産休という言葉は出産前後の、特に働くママは当たり前のように使っていると思いますが、どんな制度か詳しく知っていて、誰かに聞かれたときに説明できるでしょうか? 産休は誰でも取得することができるのか、働いているママなら誰でも産休を取得できるのか、産休取得には他に条件があるのか、意外と知らない産休についてご紹介します。

産休は労働基準法で取得が義務づけられた休みです

産休の正式名称は「産前産後休業」と言います。

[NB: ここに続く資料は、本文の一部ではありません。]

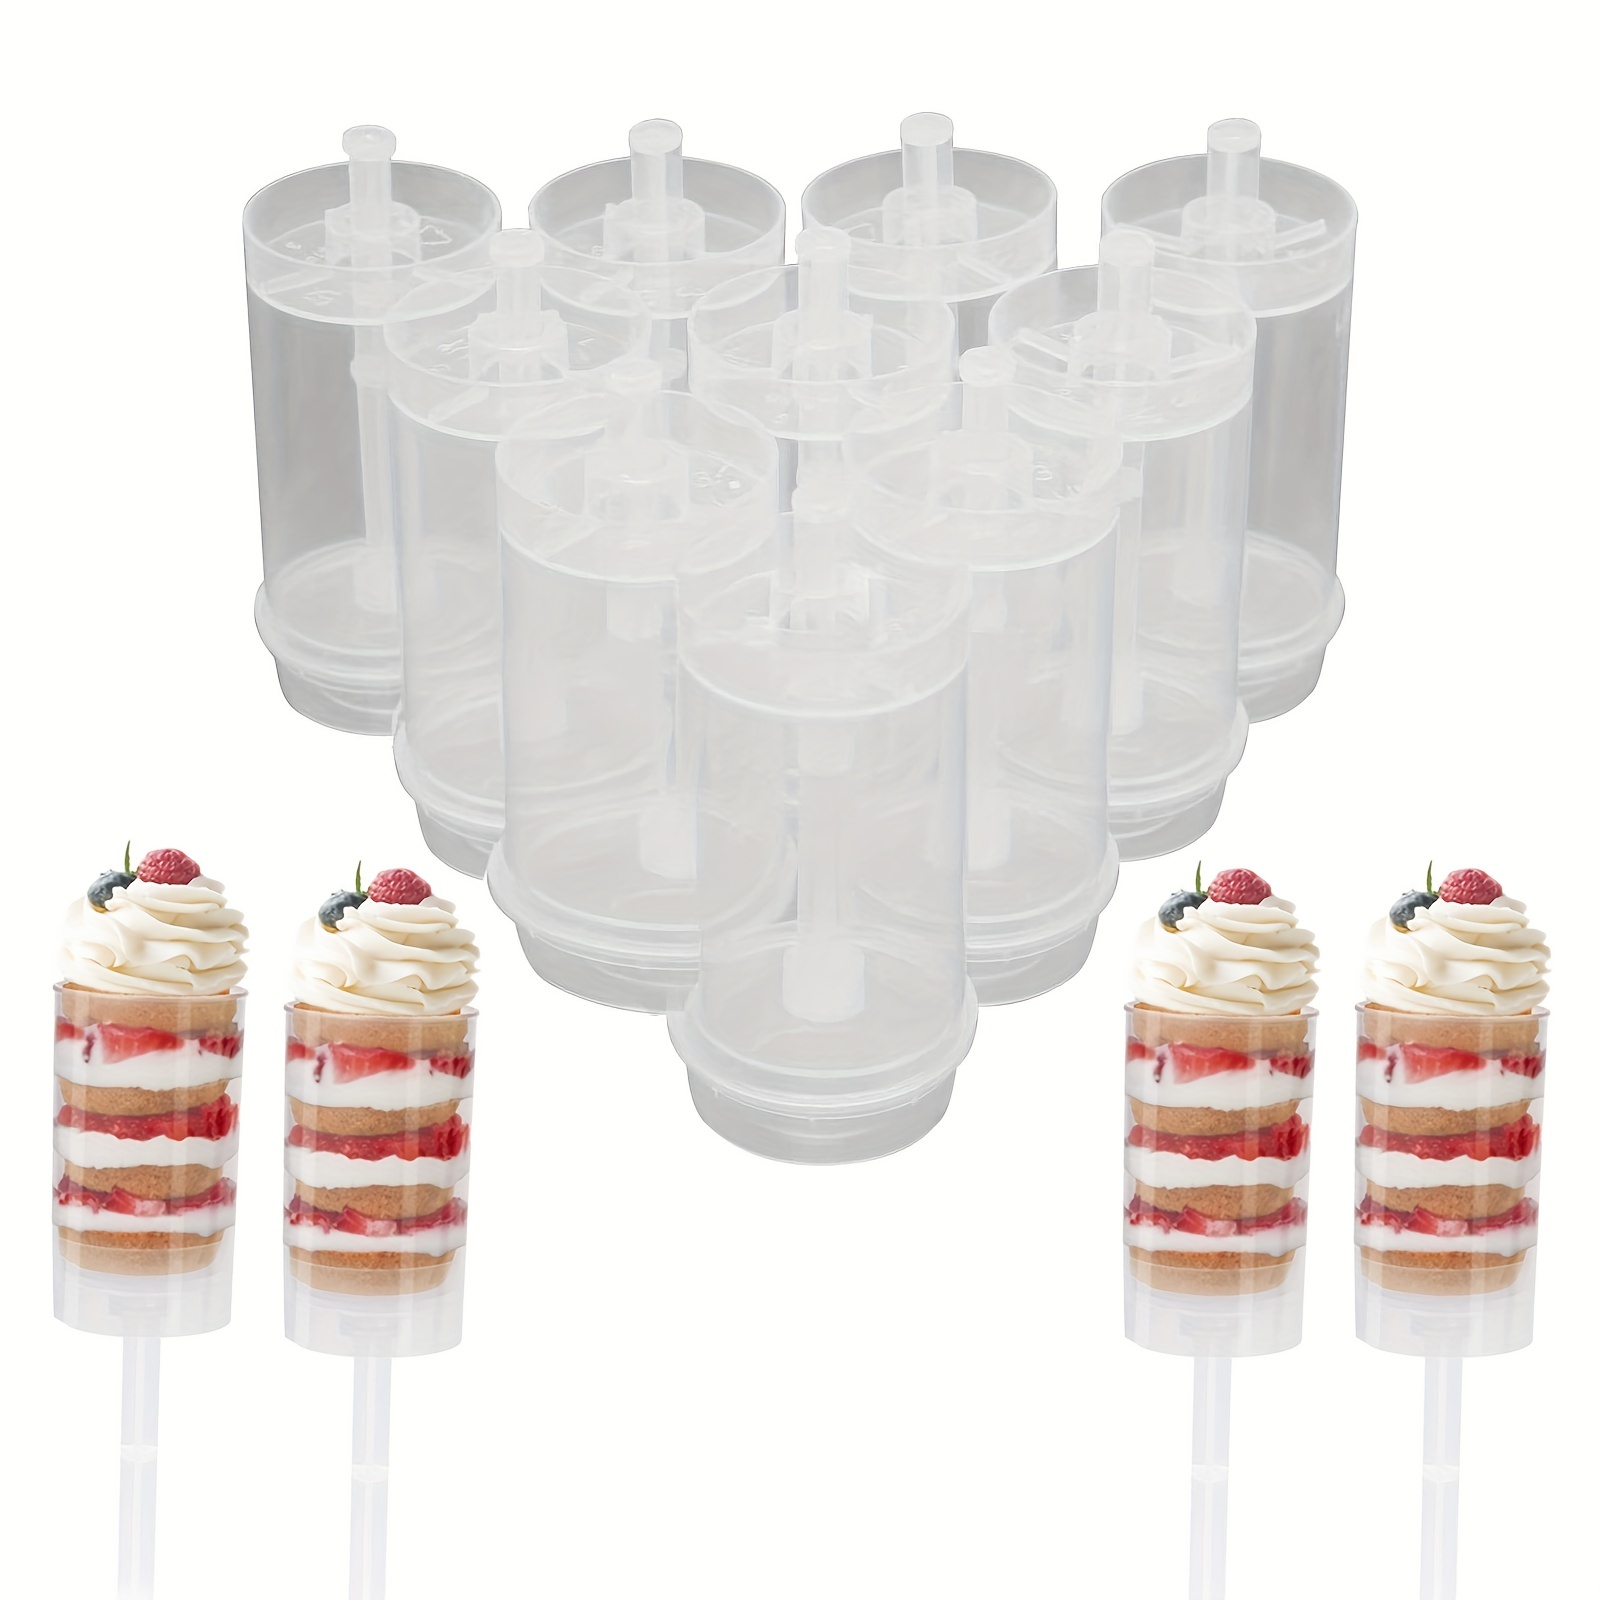 30 Hole Push Pop Cake Stand and 30 Packs Push up Cake Pop Shooter Plastic  Pop Containers Cake Pop Holder with LED Lights for Halloween Wedding Candy

その名の通り、働いている女性が出産の前後で取得することができる休みのことで、略して「産休」と呼ばれます。休みというと、個人の自由で長さを調整したり、忙しい人は取得しなかったりできるのかなと思いますが、産休は労働基準法という法律で取得が義務づけられている休みです。産前に42日、産後に56日、合計98日間の休みと法律で決まっており、必ず取得しなければいけません。双子など、2人以上の赤ちゃんを妊娠している場合の産休は産前が98日、合計154日に増えます

ちなみに、妊娠中の体調の関係や、里帰り出産で産前の42日よりも前にお休みに入る場合は、有給休暇を使います。復職するタイミングによっては産前に保有していた有給休暇の期限が切れてなくなってしまう可能性もあるので、仕事の引き継ぎなどを早めに終わらせ、有給休暇を全て消化して産休に入る方も多いようです。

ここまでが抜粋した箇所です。